[Problem statement] Reproduce exactly, leaving out pictures, each line from the one holding "Tronical Spare Parts" through the final line of the listing, and add nothing.

[Recorded data]
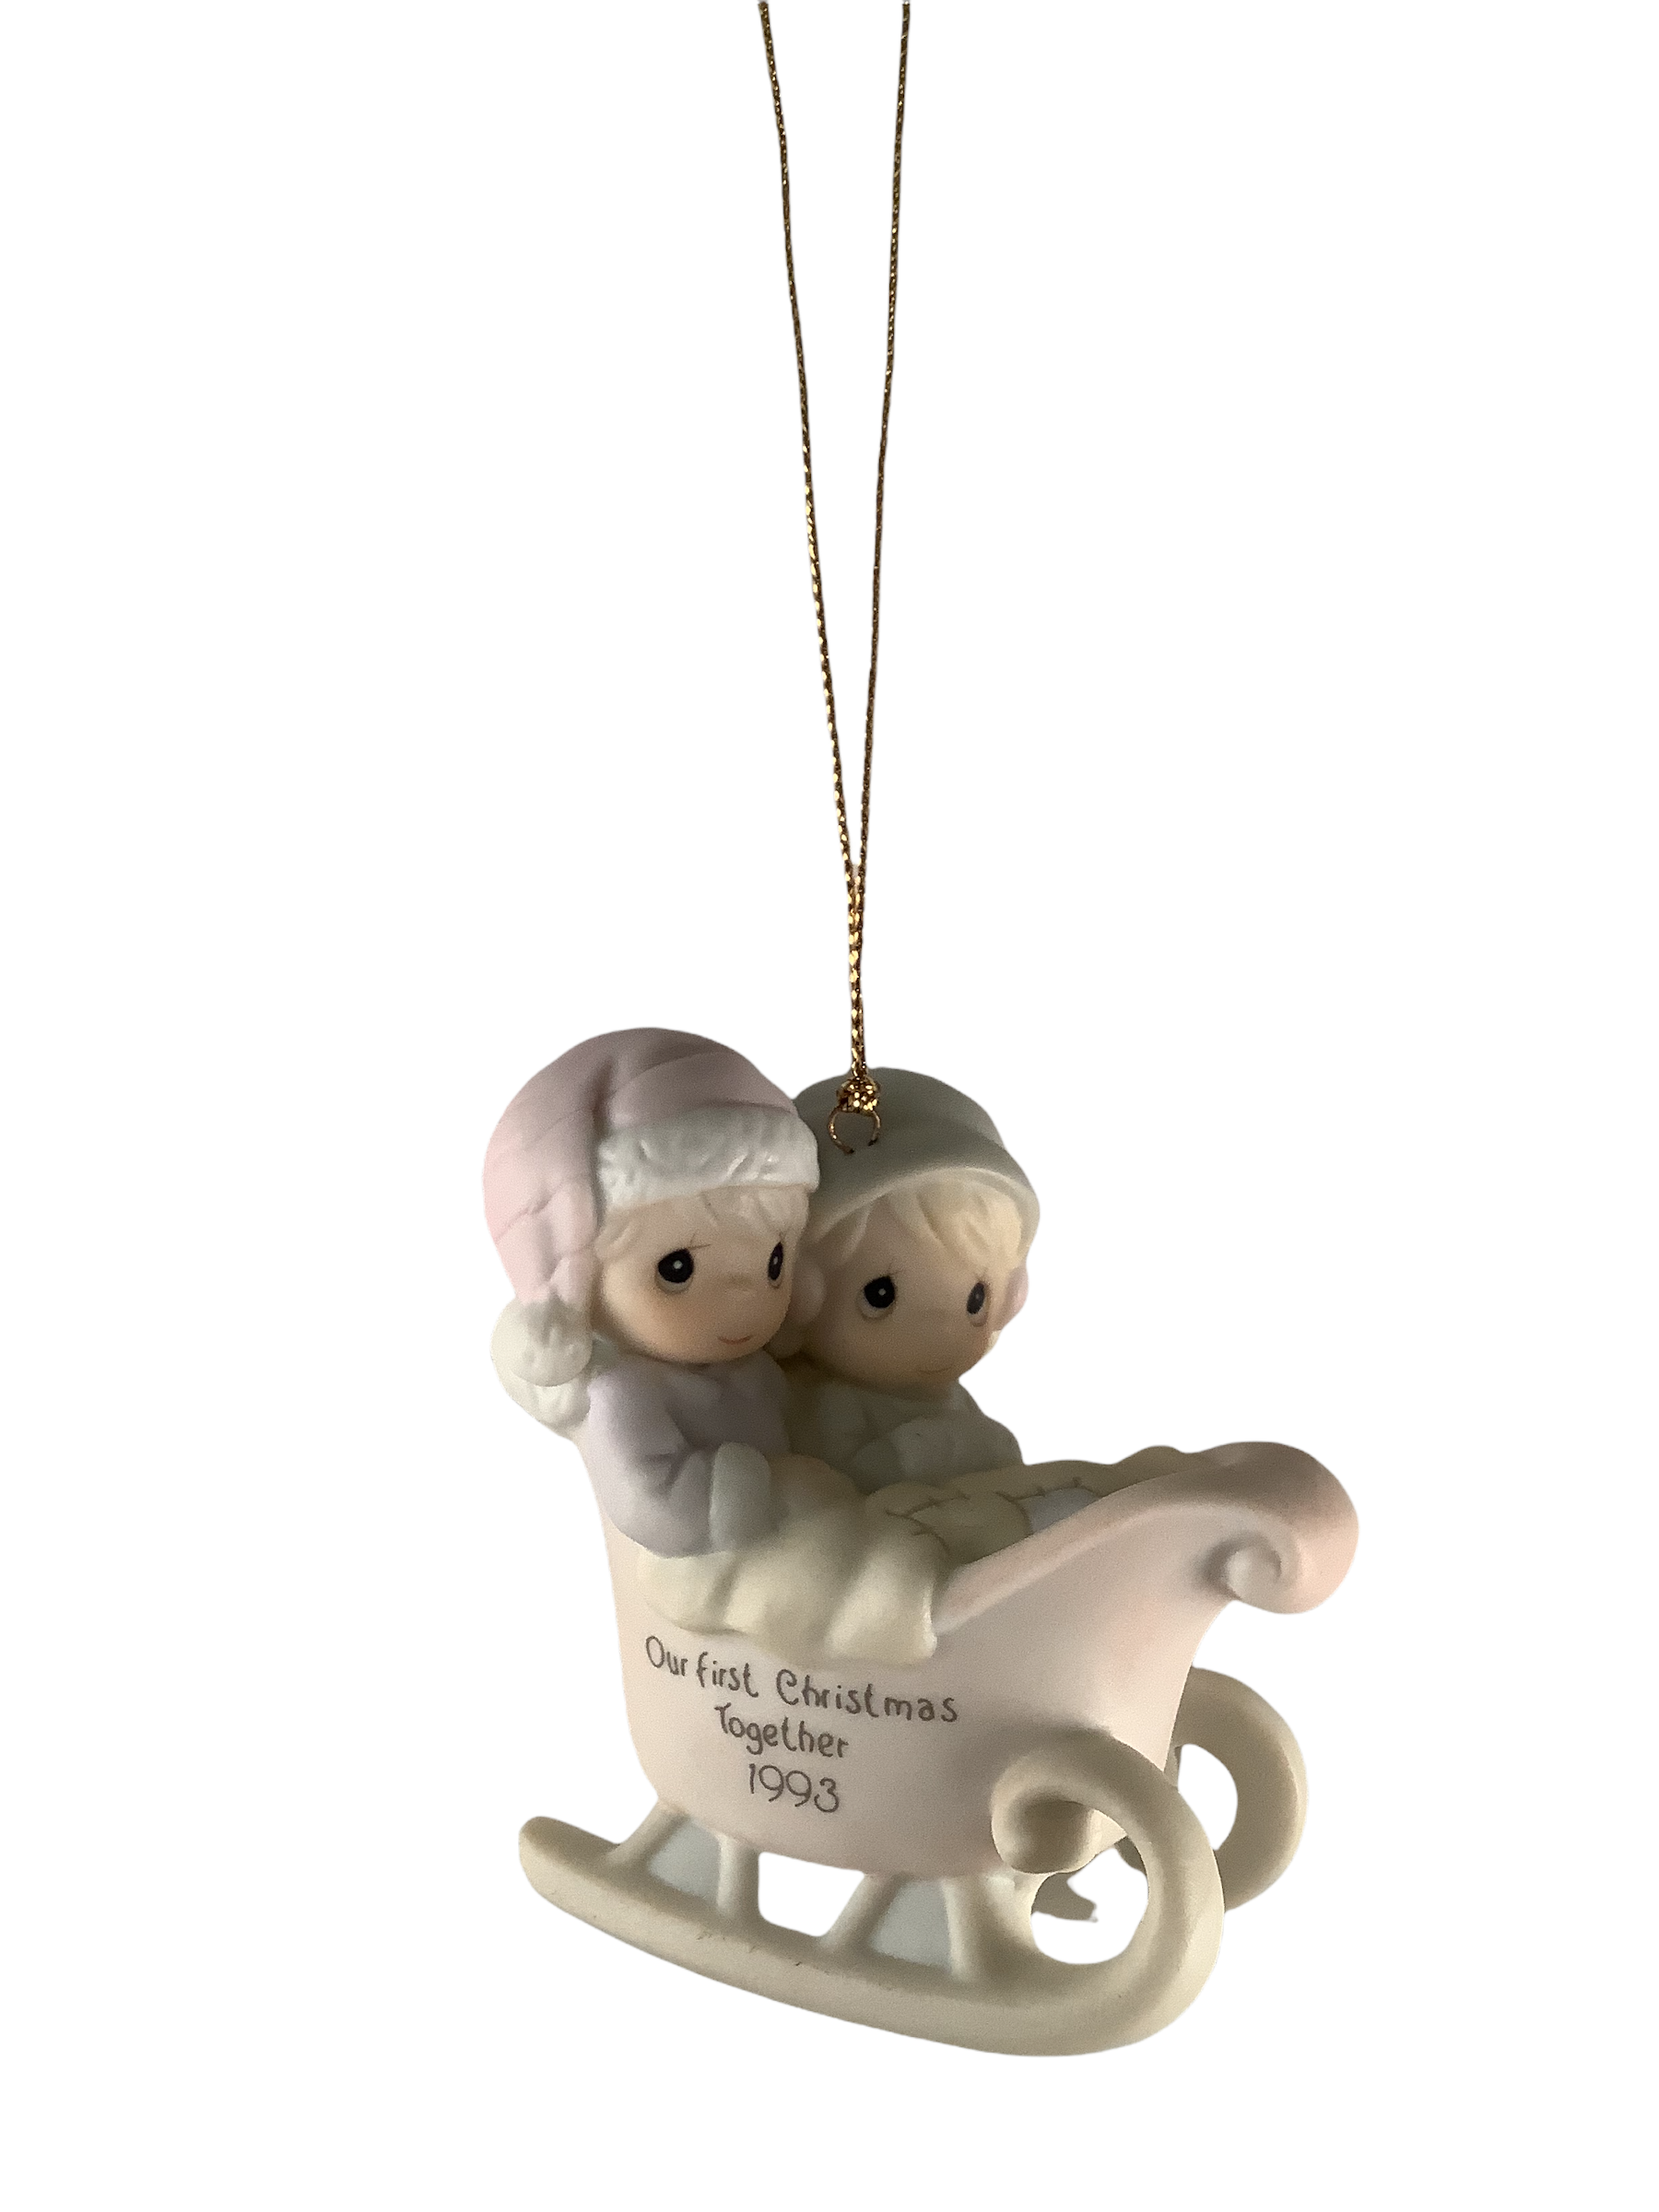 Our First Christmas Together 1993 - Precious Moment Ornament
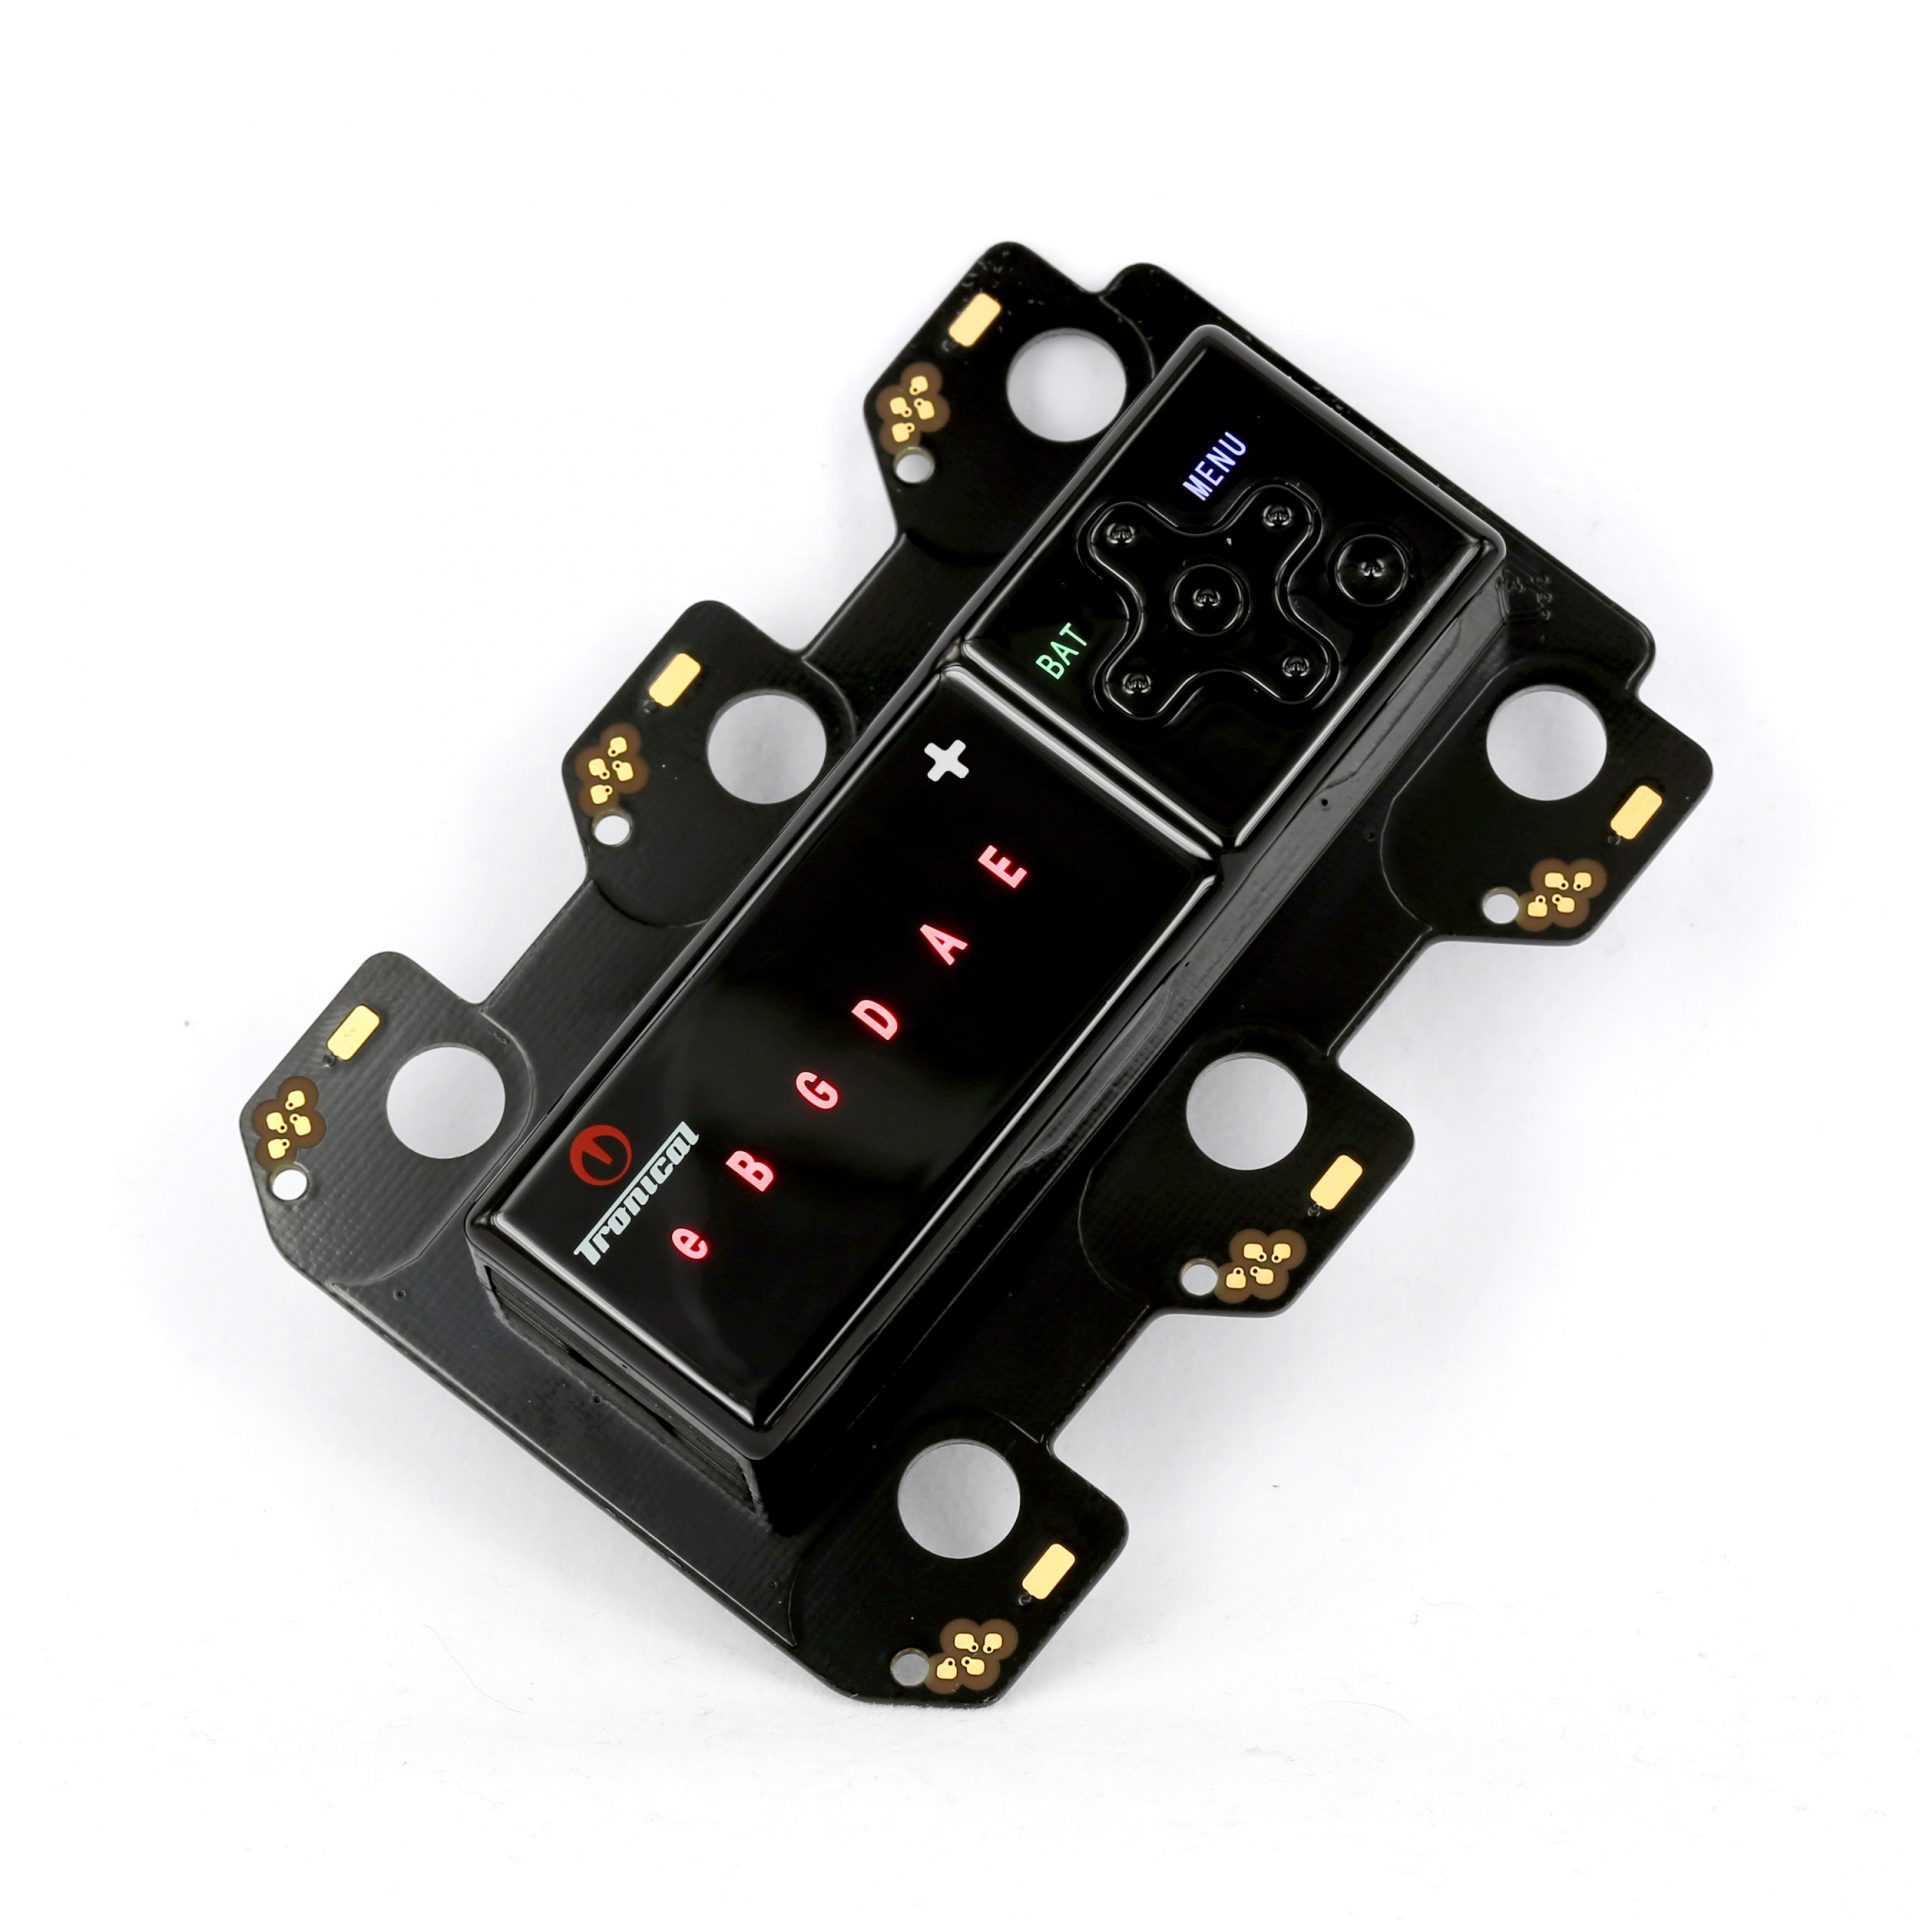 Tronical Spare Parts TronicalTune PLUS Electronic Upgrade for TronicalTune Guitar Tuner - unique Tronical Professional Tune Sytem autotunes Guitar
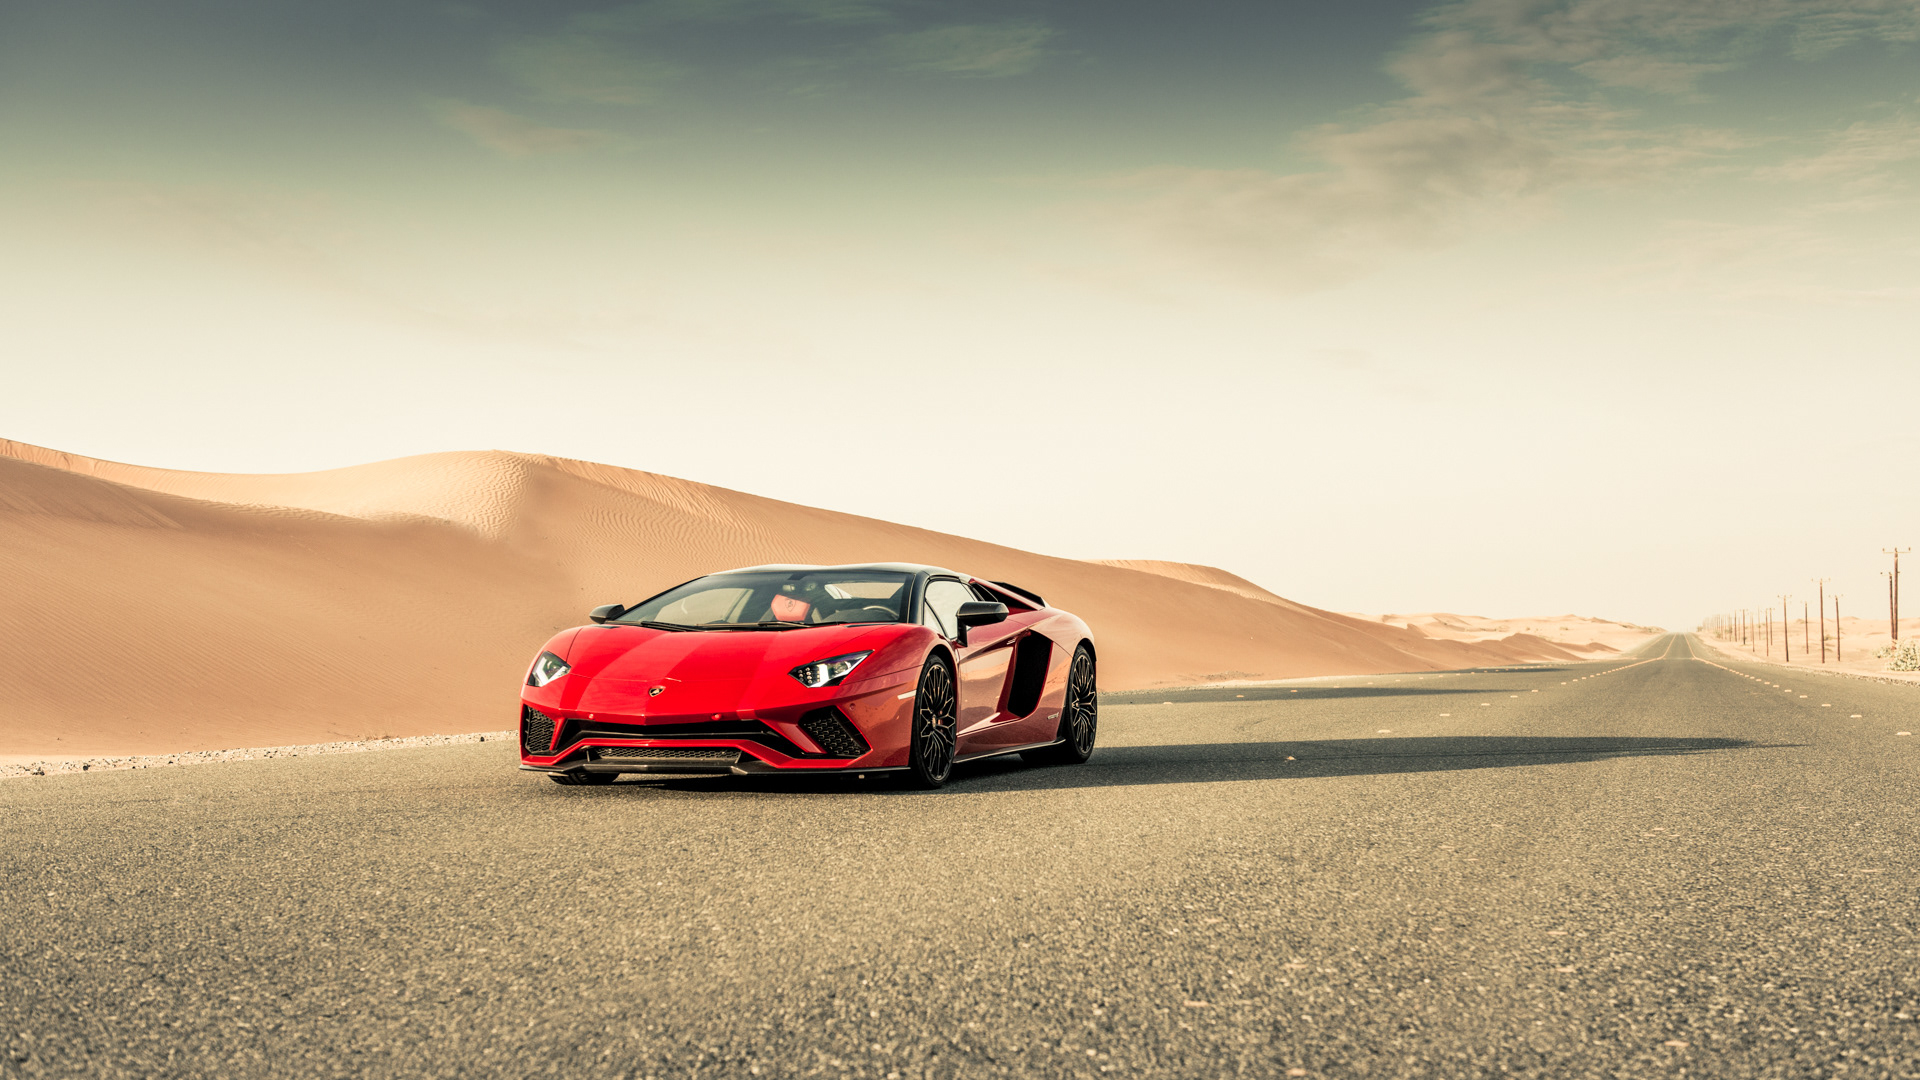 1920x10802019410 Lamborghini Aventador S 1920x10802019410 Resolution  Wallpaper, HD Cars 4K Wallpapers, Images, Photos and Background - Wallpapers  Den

[Task solution]
 Tronical Spare Parts TronicalTune PLUS Electronic Upgrade for TronicalTune Guitar Tuner - unique Tronical Professional Tune Sytem autotunes Guitar
 1920x10802019410 Lamborghini Aventador S 1920x10802019410 Resolution  Wallpaper, HD Cars 4K Wallpapers, Images, Photos and Background - Wallpapers  Den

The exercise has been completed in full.